ACS Project Suggestions

Email me to meet and discuss before submitting your preferences!

(1) Modeling Language Acquisition and Language Change

Inducing grammars from ancient texts

Proposer: Weiwei Sun

Supervisor: Weiwei Sun and Theresa Biberauer

Description: To analyze syntactic structures, linguists rely on native speakers’ grammaticality judgement  —  intuitive judgement of the well-formedness of utterances  —  which reflects speakers’ linguistic competence. Clearly, this approach is not fully applicable to ancient languages, because no matter how professional an language expert/linguist is, he/she cannot be a native speaker of a dead language. We propose to employ data-based computational approaches which, in our opinion, have complementary strengths to theoretical linguistic approaches. In this project, the student will explore computational models to process huge historical data to derive quantitative evidences for linguistic analysis. We hope the work can further help characterise language variations in a precise way.
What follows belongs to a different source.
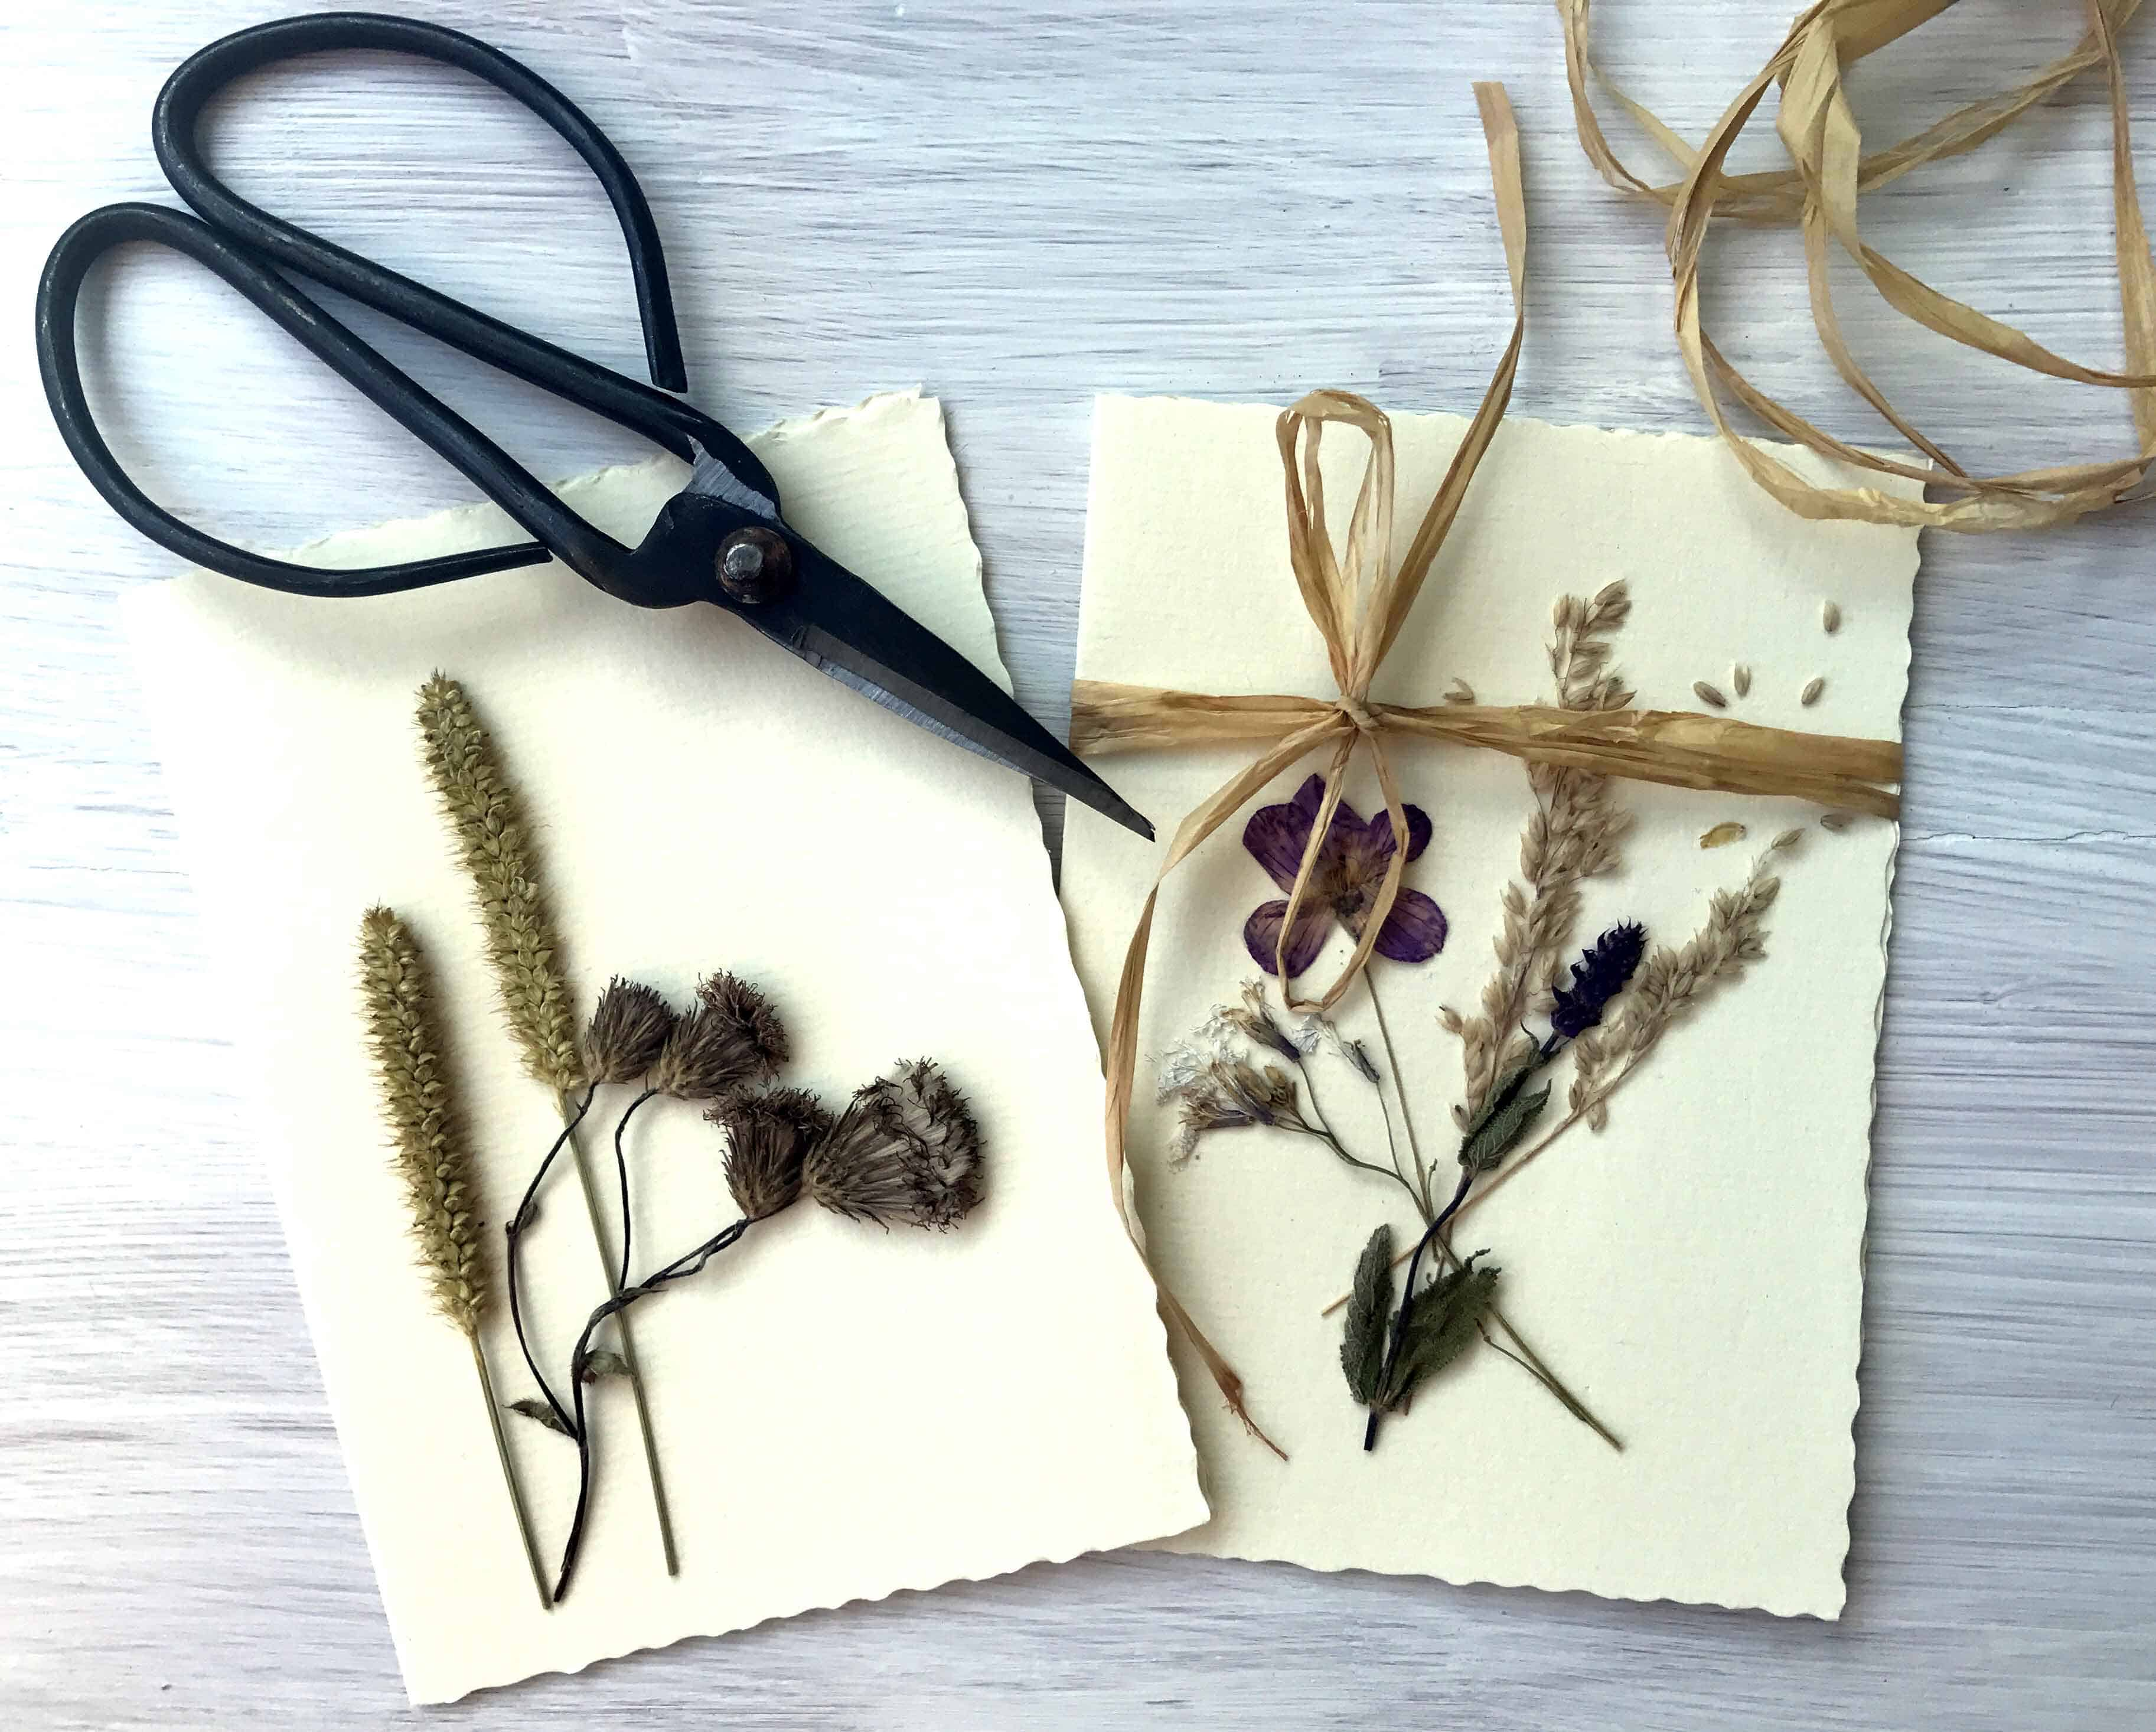 Fertige Grußkarte mit getrockneten Blumen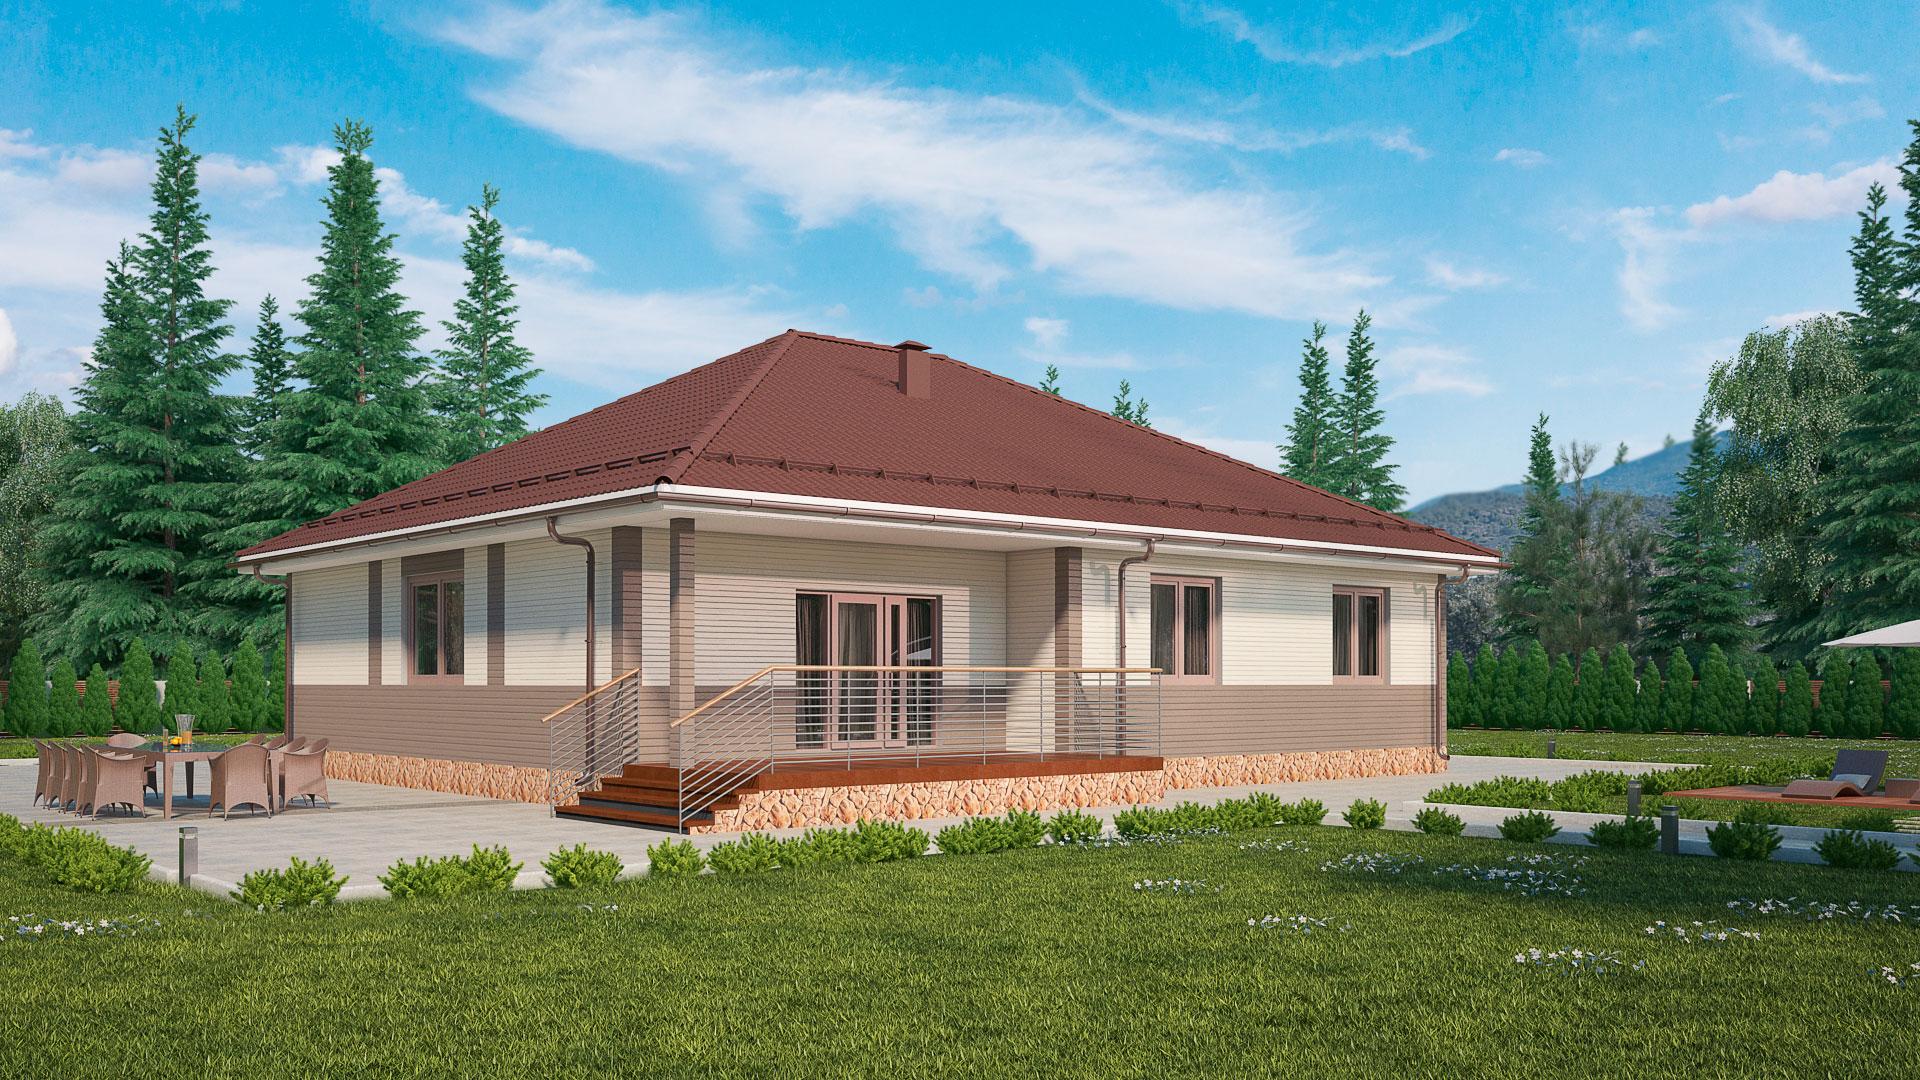 Задний фасад одноэтажного дома с верандой, проект БЭНПАН МС-178.

(2) Algorithms in Surface Realisation / Meaning-to-Text Generation

Neural graph-to-string parsing

Proposer/Supervisor: Weiwei Sun

A fundamental problem in modeling language generation is parsing meaning representations, i.e. computing all possible analyses of a given meaning representation (MR) according to a competence grammar. In the framework of graph-based meaning representations, the problem has been partially solved  —  enumerating all possible analyses of a semantic graph can be achieved in a reasonable time. However, it is still unknown how to equip such a parsing algorithm with a neural module to build a high-performance natural language generation system. In this project, the student will explore recursive graph neural network models to properly select a preferable analysis from symbolic graph parsing results, based on which a natural language generation system can be easily built.

References

Surface realisation from ill-formed meaning representations

... you can get away with incomplete semantics when you are doing parsing, but when you're doing generation, you have to specify everything in semantics. And we don't know how to do that. At least we don't know how to do that completely or properly.  —  Mark Steedman

Proposer/Supervisor: Weiwei Sun

Description: Recent research shows that mapping from compositional meaning representations, like English Resource Semantics, to strings (aka meaning-to-text generation) can be quite accurate. The promising results, however, are based on gold-standard meaning representations, which can't be provided by NLP applications systems. It is still unknown how current algorithms perform based on ill-formed meaning representations. If current algorithms can't handle ill-formed meaning representations well, how can we make them better? In this project, the student will empirically study the computational problems in mapping ill-formed meaning representations to surface string.

References

(3) Educational Dialogue System

Supporting language learners understanding complex sentences in English texts

Proposer: Weiwei Sun

Supervisor: Weiwei Sun, Andrew Caines and Paula Buttery

Description: Long multi-agent, multi-clause sentences can prove challenging for learners of English to understand. Many such sentences occur in professional literature, teaching textbooks and language exams, e.g. IELTS, SAT and GRE. Modern parsers trained on large-scale data can produce high-quality syntactic and semantic analysis for English sentences, even those with very complicated structures. However, how to automatically interpret linguistic representations for pedagogical purpose is still understudied. In this project the student will work on models to transduce from syntactic constituency parses of long sentences to pedagogical analyses of long sentences which may be presented to learners as a way to support sentence interpretation.

Resources: corpus of 1000 English textbook sentences annotated with templates for pedagogical explanation of syntactic structures (already built).